4. Display the employee last name and department name for all employees who have on a lowercase
in their last names.

select last_name, department_name from employees e, departments d where

e.department_id=d.department_id and last_name like '%a%';

5. Display the employee last name and employee number along with their manager's last name and
manager number.
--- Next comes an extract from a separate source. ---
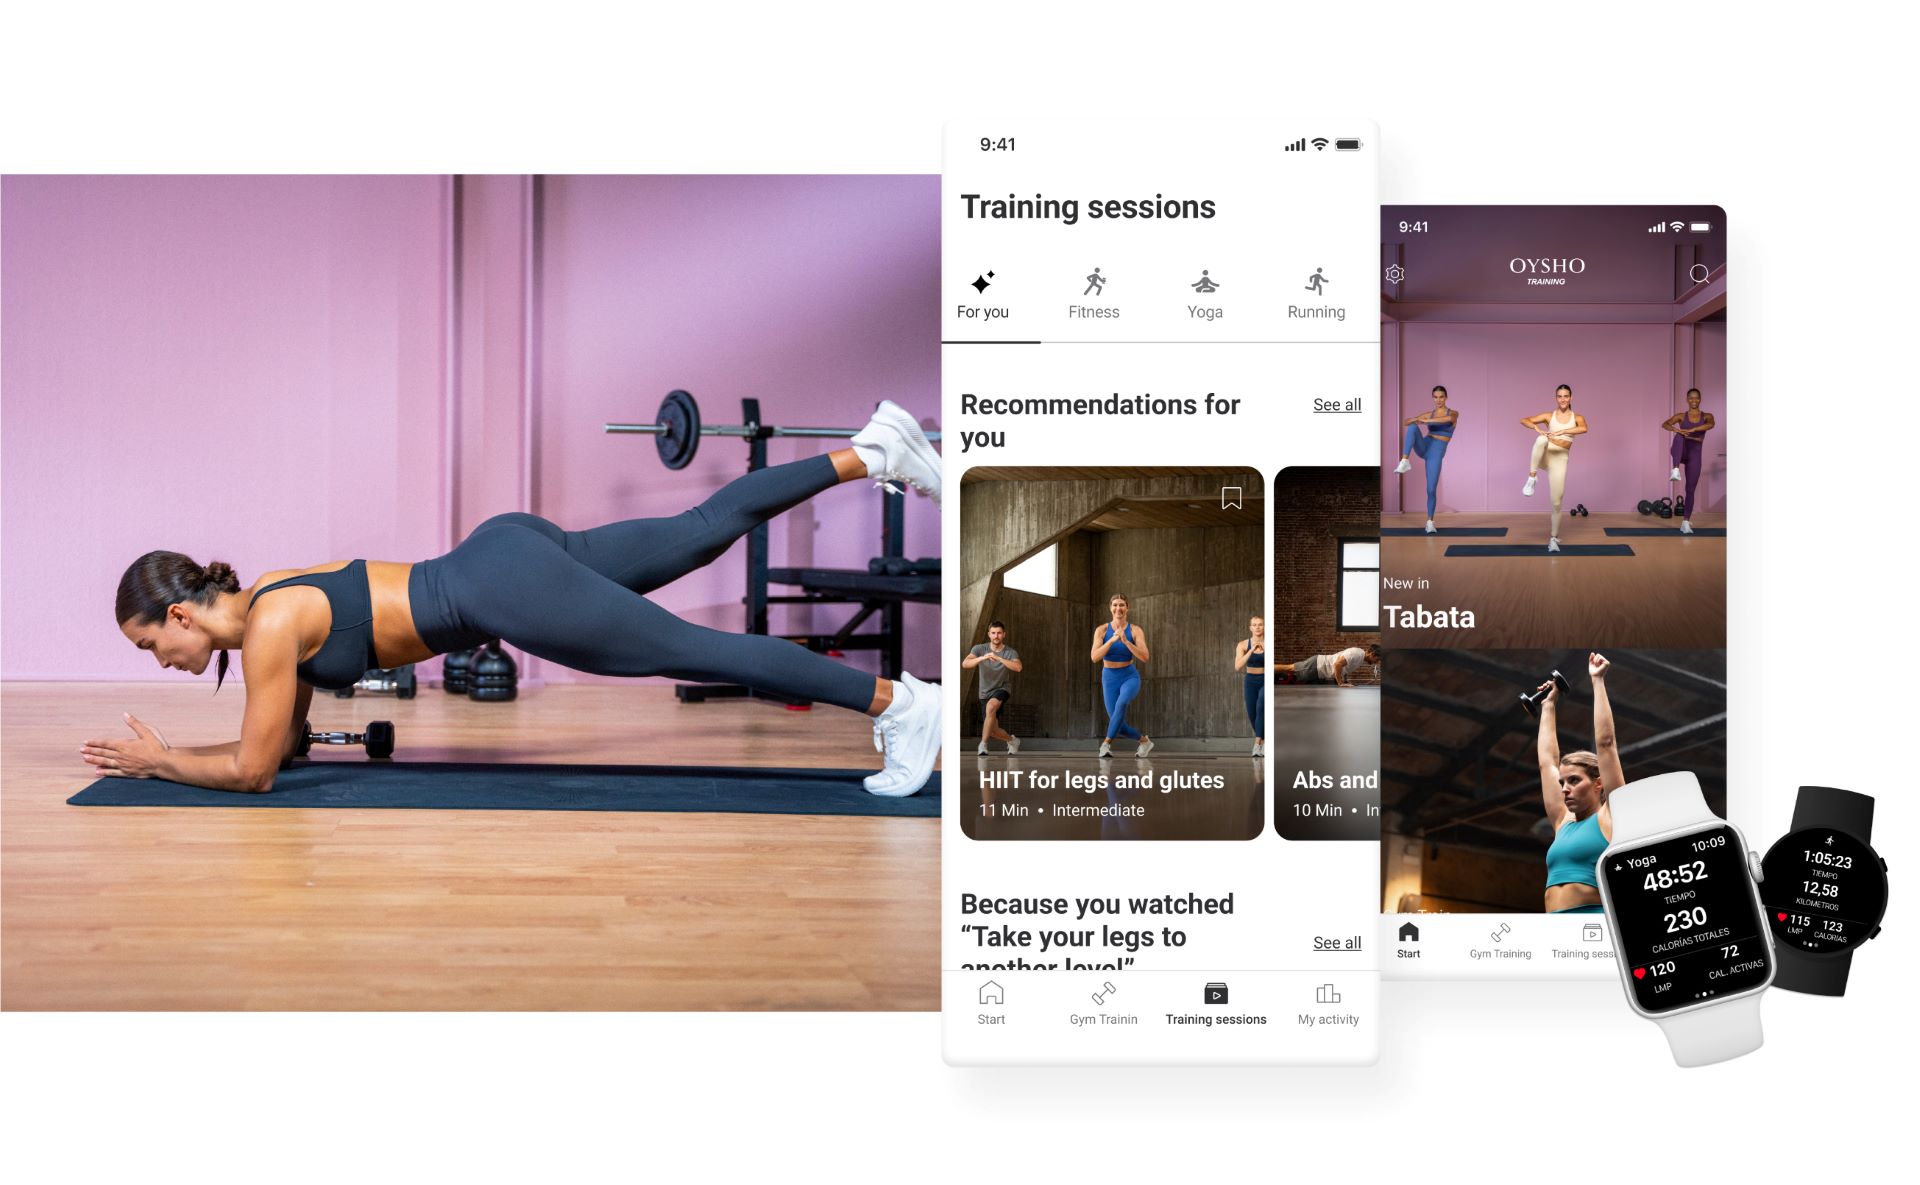 OYSHO TRAINING - free yoga classes on the app 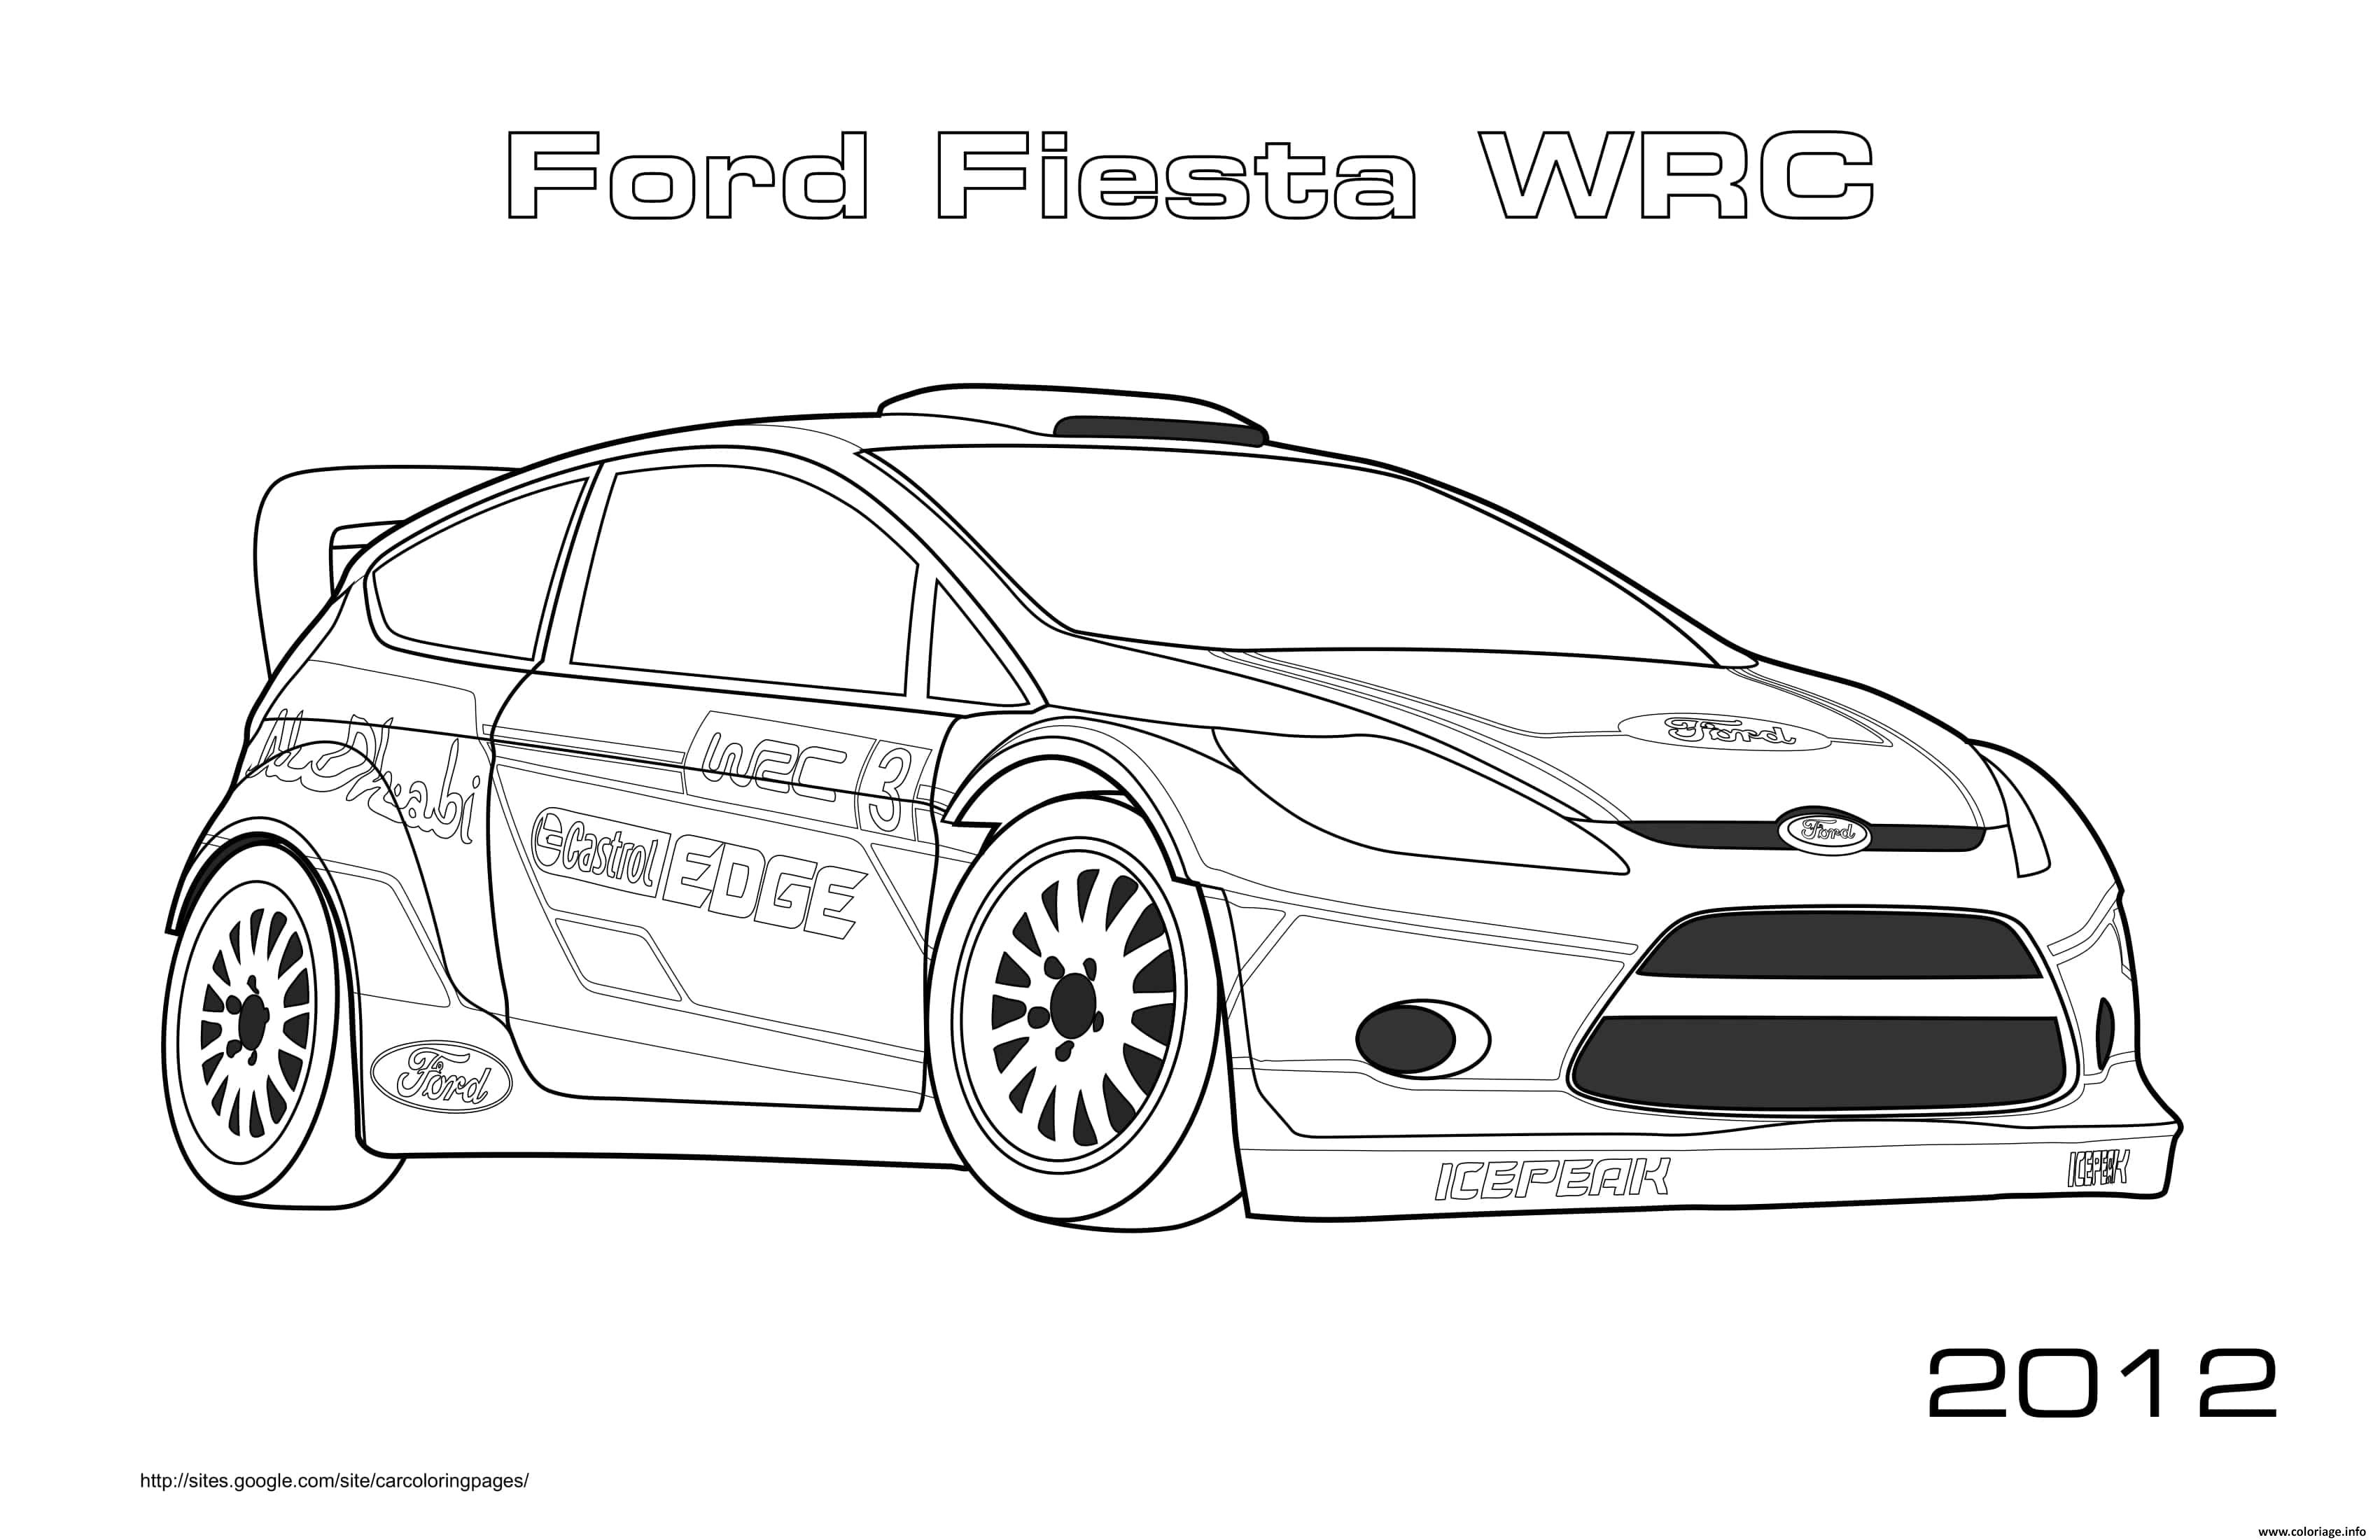 Dessin Ford Fiesta Wrc 2012 Coloriage Gratuit à Imprimer

Label the columns Employee, Emp#, Manager and Mgr# respectively.

select e1.last_name as Employee, e1.employee_id as emp#, e2.last_name as Manager,

e2.employee_id as mgr# from employees e1,employees e2 where e1.manager_id=e2.employee_id;

6. Create a query to display the name and hire date of any employee hired after employee Davis.

select e1.last_name, e1.hire_date from employees e1, employees e2 where

e1.hire_date>e2.hire_date and e2.last_name='Davis';

7. Display the names and hire dates for all the employees who were hired before their managers,
along with their manager's name and hire dates. Label the columns Employee, Emp Hired, Manager,
and Mgr Hired, respectively.

select e1.last_name as Employee, e1.hire_date as "Emp Hired" , e2.last_name as Manager,

e2.hire_date as "Mgr Hired" from employees e1, employees e2 where
e1.manager_id=e2.employee_id and e1.hire_date<e2.hire_date;

8. Write a query to display the number of people with the same job.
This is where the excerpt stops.